Sediment Level Prediction of a Combined Sewer System Using Spatial Features

Sustainability 2021, 13(7), 4013; https://doi.org/10.3390/su13074013
by Marc Ribalta 1,2,*, Carles Mateu 2, Ramon Bejar 2, Edgar Rubión 1, Lluís Echeverria 1, Francisco Javier Varela Alegre 3 and Lluís Corominas 4
Reviewer 1: Anonymous
Reviewer 2: Anonymous
Reviewer 3: Anonymous
Sustainability 2021, 13(7), 4013; https://doi.org/10.3390/su13074013
Submission received: 24 January 2021 / Revised: 21 March 2021 / Accepted: 1 April 2021 / Published: 3 April 2021

Round 1

Reviewer 1 Report

The authors used different machine learning to reduce the number of cleaning the combined sewer system, using the regression model to predict the sediment level, using the short-term regression model to predict the imminent sediment level, and using the classification model to identify whether the section needs cleaning. Besides, the conclusion offers promising future topics. I only have some questions for the authors.

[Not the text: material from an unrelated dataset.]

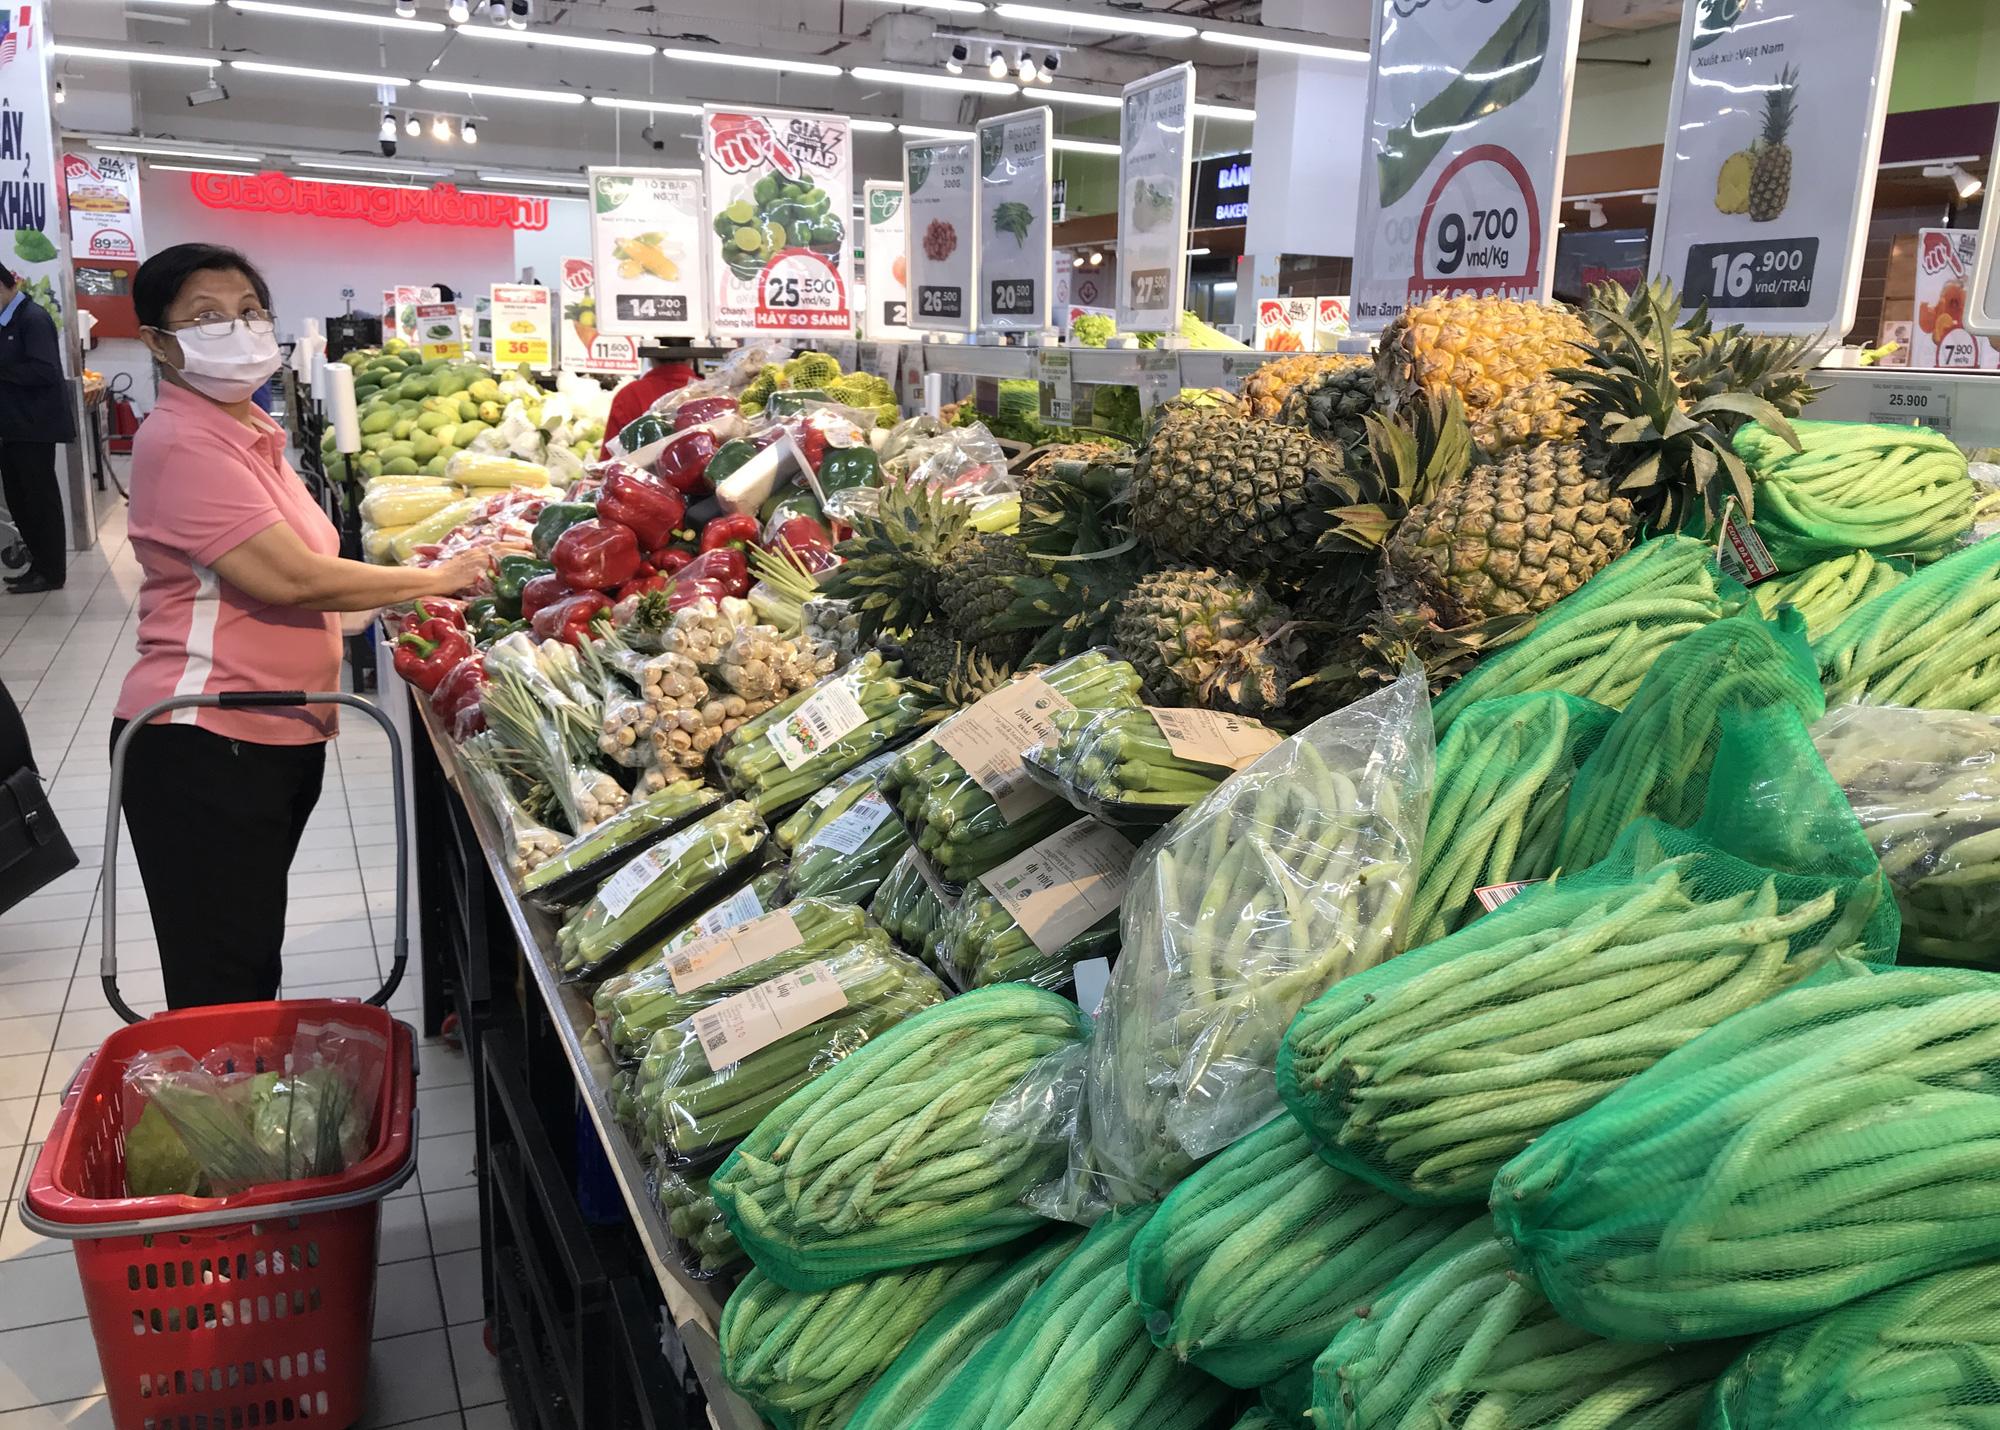 Bộ Công Thương khẳng định hàng hóa, thực phẩm đủ cho người dân ngay cả lúc dịch bệnh - Ảnh 3.

  • Why is the R2 score of 0.76 good enough for this study?
  • The recall is lower than other studies [20, 22], is the imbalance? How to improve this problem?
  • Will the comparisons of speed and size of models be necessary for this study?

Author Response

Please see the attachment.

Author Response File: Author Response.docx

Reviewer 2 Report

The authors have compared three different approaches and machine learning methods used for predicting sewer inspection requirements. The manuscript explicitly highlights the gaps while citing relevant references. I have the following comments:

  1. Some aspects of dataset are missing from the manuscript. E.g. when authors say 34000 inhabitants does it implies household or residents since there can be multiple residents in one household.
  2. How many datapoints were available for training? Was the data enough to avoid overfitting?
  3. Was it confirmed that there was no overfitting? For reference, check the following paper using ANN and discussing overfitting:
    Vyas, Shruti, Subhabrata Das, and Yen-Peng Ting. "Predictive modeling and response analysis of spent catalyst bioleaching using artificial neural network." Bioresource Technology Reports 9 (2020): 100389.
  4. Explanation or discussion on why some method performed better in an approach and not in other. e.g ANN performs better in the first and second approach however not in the third approach.
  5. Figure 1, x-axis values of first three columns do not match with text.

Author Response

Please see the attachment.

Author Response File: Author Response.pdf

Reviewer 3 Report

Please find in the attachment.

Comments for author File: Comments.pdf

Author Response

Please see the attachment.

Author Response File: Author Response.docx

Round 2

Reviewer 2 Report

The authors have answered most of my questions.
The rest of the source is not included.